When a Parent Becomes a Daughter

X99Lynx at aol.com X99Lynx at aol.com
Tue Nov 2 04:07:44 UTC 1999


[ Moderator's note:
  This is a revised version of an message originally sent privately to me by
  Steve Long.  I encouraged him to submit it to the list, where it was caught
  in the backlog.  I'd like to thank him for his patience.
  --rma ]

This is about Larry Trask's statement: "An ancestral LANGUAGE cannot co-exist
with its own descendant."

In a message dated 10/20/99 5:02:33 PM, Larry Trask wrote:

<<First, you are confusing two things: the relation between a daughter and
its ancestor, and the relation between two or more daughters.>>

Unfortunately, I believe that is ALSO what you are confusing.  I believe in
good faith that if you consider the above TWO statements objectively you will
see you have has just committed "reification."

Now whatever definition you are using for "ancestors" or "daughters" above,
let's try to just stick with those for a moment and see them through.

You use the term "daughter" above.  Whatever vague boundaries you used to
decide when a language BECOMES a "daughter" - think of why the other
remaining part of the parent also must at the same time become "a daughter?"
Whatever caused you to call the two languages "daughters", consider what
makes them both BECOME "daughters" and makes the parent disappear?  So you
can say that a parent doesn't coexist with its daughter?

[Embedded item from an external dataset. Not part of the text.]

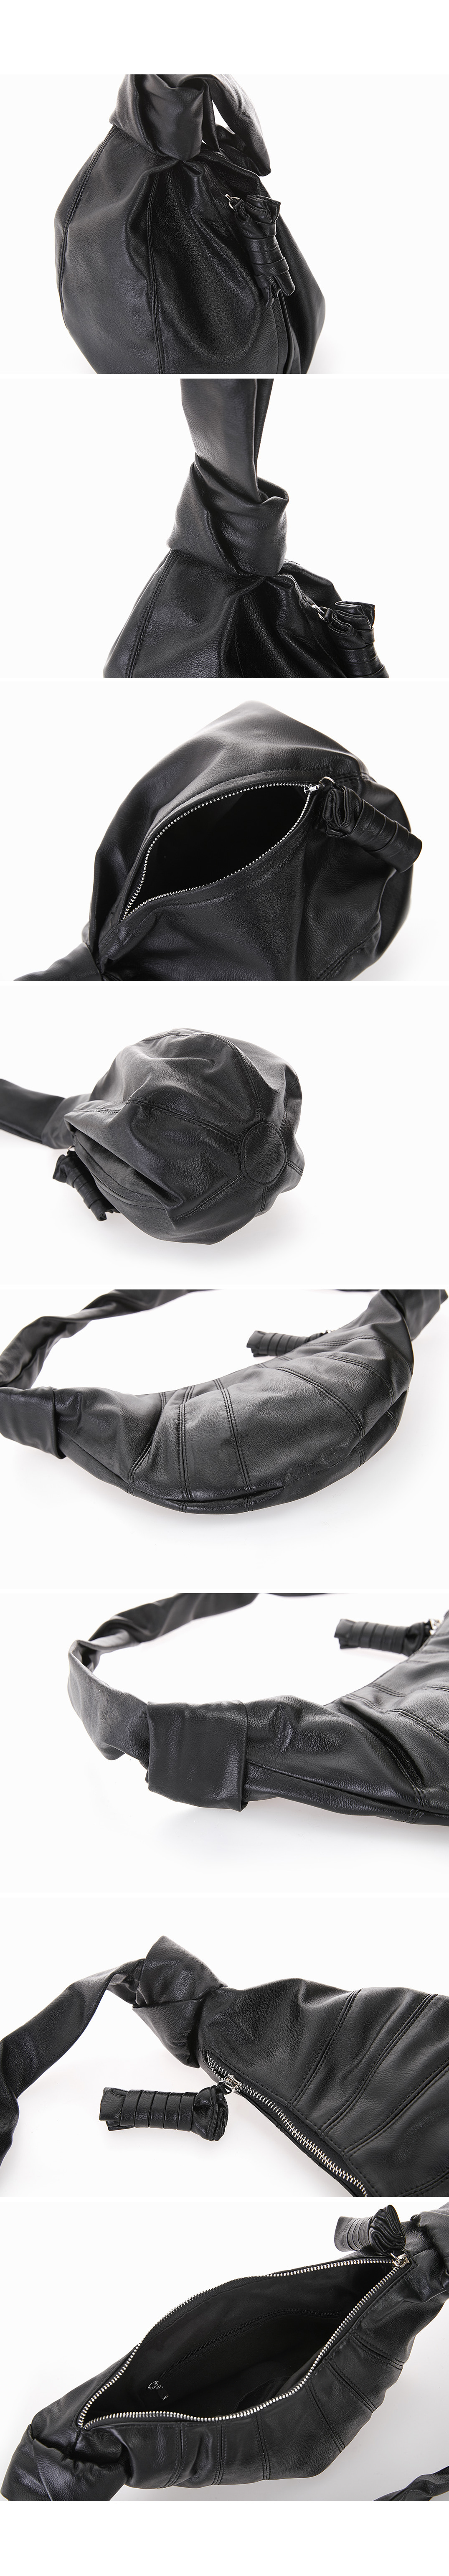 Rugby handbag

Take the language that you describe an "ancestor" by whatever definition you
use above.  Why are you assuming it also has to change status and become one
of the "daughters" just when another daughter emerges?  And at the very same
time (so that you can say there's no period of co-existence between parent
and daughter?)

"An ancestral LANGUAGE cannot co-exist with" a daughter.

Isn't this a reification?   The only reason a parent can't co-exist with a
daughter is because you automatically change it into a daughter when there's
another daughter branching off.  Aren't you creating another "daughter"
unnecessarily?

If you would have been satisfied with a single "ancestor" (by whatever your
definition is above) as a single language - if the branch off had not
happened - why are you turning that "ancestor" into a new language just
because a daughter branches off?

Isn't that reification?  Aren't you unnecessarily creating a new "daughter
language" (however you mean it above) when nothing more than a part of it has
broken off?

Now maybe this is all just a matter of terminology.  And I'd be happy with
that.  Because it would mean that your original statement is just terminology:

<<<<No.  An ancestral LANGUAGE cannot co-exist with its own descendant.>>
[Caps mine]

You can certainly co-exist with your own ancestor. In common sense everday
understanding, an "ancestor" doesn't automatically disappear or turn into a
"daughter" just because a descendent emerges.

You've written that, if regional varieties of a language "would eventually
become so different from one another that they would CEASE TO BE MUTUALLY
COMPREHENSIBLE at all, and we would be FORCED to speak, not of different
dialects, but of DIFFERENT LANGUAGES."  (CAPS ARE MINE.) (The context of this
quote alludes to multiple dialects - ie, not limited to just two.)

If there are many dialects and they don't become "mutually incomprehensible"
at the same time - why MUST they also all become different languages at the
same time?  Why would we be "forced" to call all those different parent
dialects "different languages" just because one became mutually
incomprehensible, branched off and became a daughter?

Now you have said that this explanation was only meant for students, not for
professionals.  Well, then on that basic level at least it seems "an
ancestral language CAN co-exist with its own descendant."